This stone pair is located on someone’s private property, behind electric gates so we had to ask for permission to enter the property to get access to these stones. There are two standing stones, but only the stone on the left is an Ogham stone, while the second Ogham stone is laying on its flat beside the main standing Ogham stone. There is Ogham writing on the main standing stone that reads “IARNI” in Gaelige and translated into English is “iron”.

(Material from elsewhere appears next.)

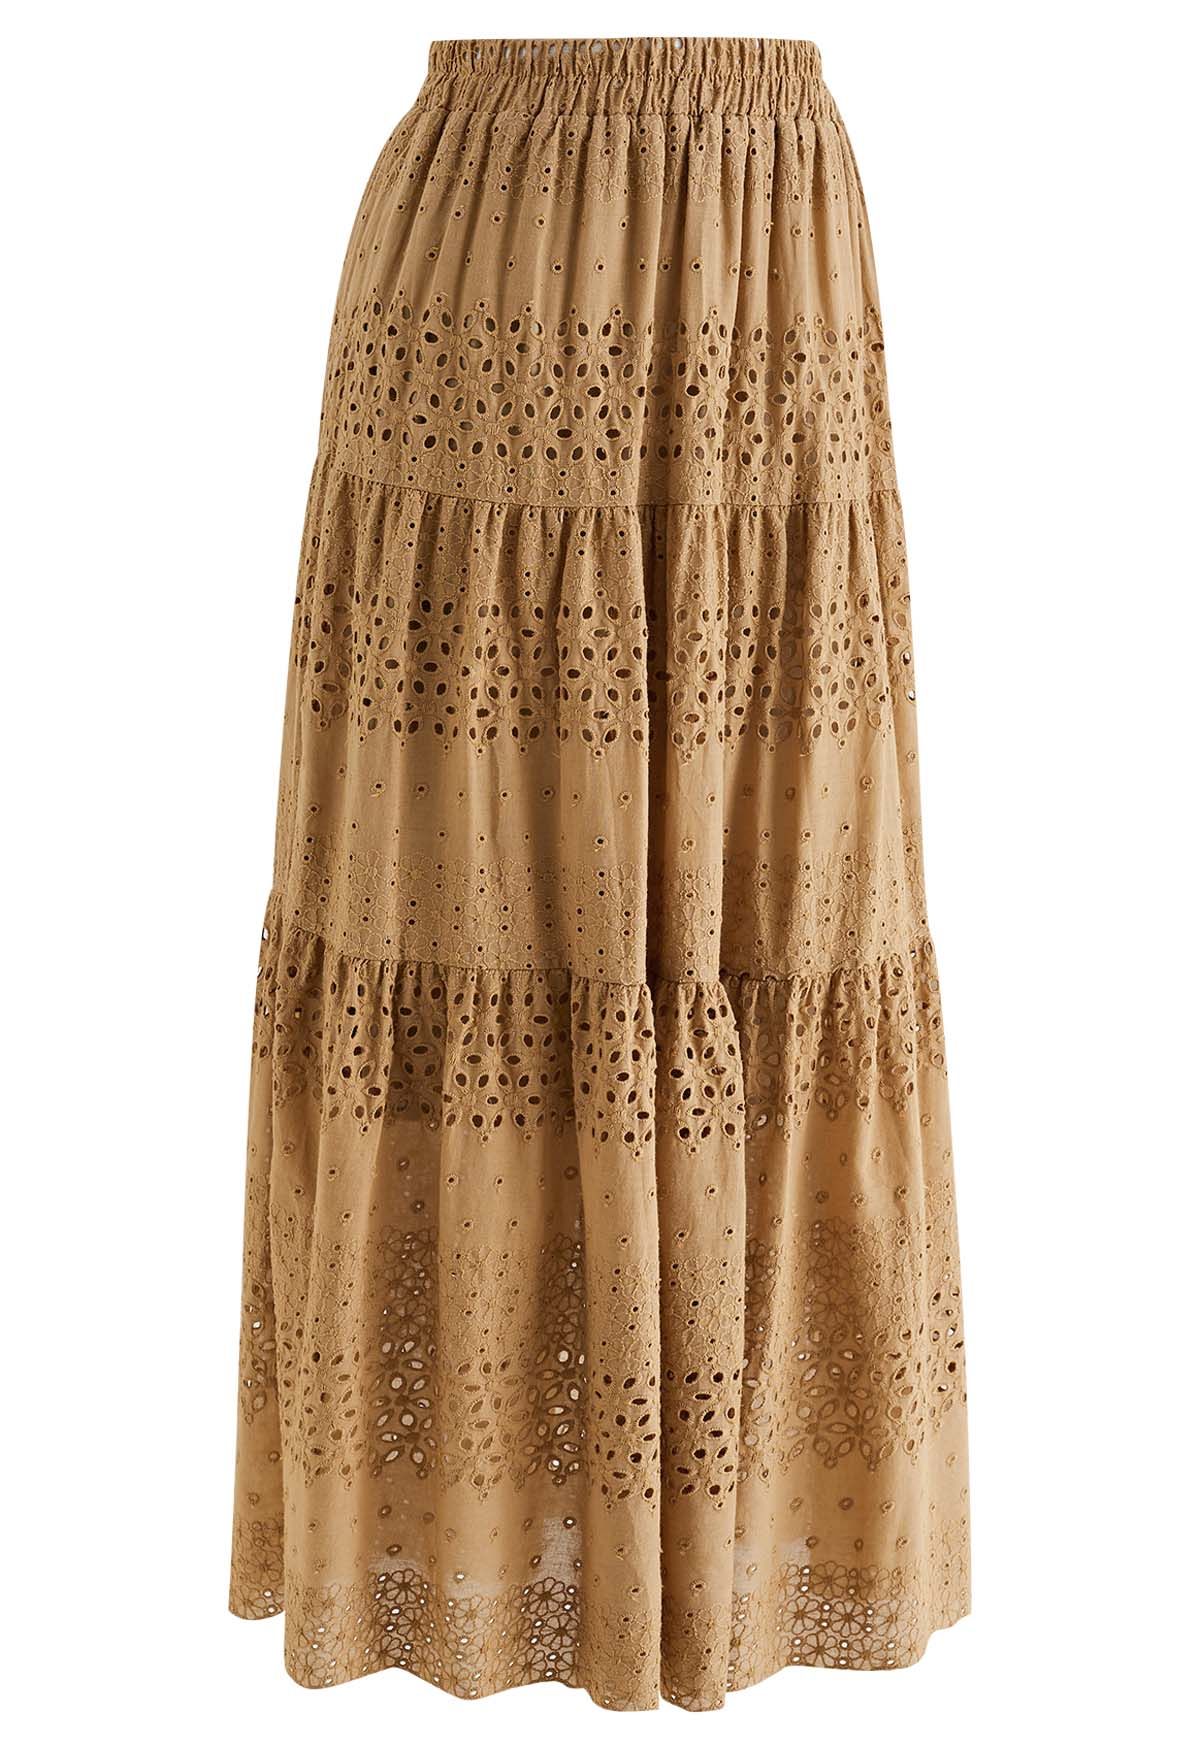 Floret Embroidered Eyelet Cotton Midi Skirt in Tan

Exact directions to the site are – Google Maps

Exerts from a county county report on the planning permission website shows:
2.4, Previous Archaeological Investigations
From a search of www excavation ie (accessed 6″ June 2013) no modern excavations have taken place within the townland of Cotts. R.A.S Macalister did, however, conduct an excavation on the standing stone which later appeared in The Journal of the Royal Society of Antiquaries of Ireland in 1921 as follows:
“_..Through the kind offices of the Rev. Robert FitzHenry, P.P., of Broadway, I was enabled to make an
excavation under the stones last year. Through clear evidence of a previous disturbance of the soil was found such a disturbance as would have been produced in digging a grave – absolutely nothing, not even the smallest
scrap of bone, came to light. This was disappointing, as it might have been hoped that soomething [2 words unreadable by county council stamp]the Ogham would be found. Evidently in the damp soil the bones had all completely decayed [2 words unreadable by county council stamp] goods hade been deposited. Nothing is left but the name IARNI in Oghamt on the stone but as a negative result in excavation is as important as a positive, the fact of the excavation and its want of success should be put on record. For the purposes of the excavation it was necessary to take down the stones, but they were carefully replaced in their original position when the opening was refilled. The Ogham stone is red granite, 4 feet 1 inch above ground, 1 foot 10 inches brond, 1 foot 7 inches thick, sunk 1 foot 6 inches in the earth. The other, uninscribed, stone is conglomerate, 3 feet 10 inches above ground, 1 foot 11 inches broad, 1 foot six inches thick, sunk 1 foot 10 inches in the earth. The stones stand 3 feet 9 inches apart, in a north and south line, the Ogham being to the north. An irregular boulder of blue stone was lying just under the surface of the soil, between the pillar stones, and just west of the line passing through them: it measured 2 feet 7 inches by 1 foot 7 inches by 1 foot 6 inches. There was a sort of packing of rounded stones level with the feet of the pillars, and filling the space between them: these stones averaged about the size of a man’s head or a little less. The disturbed earth filled an irregular hollow measuring 2 feet 6 inches to 3 feet deep.’ (MacAlister, 1921, 77).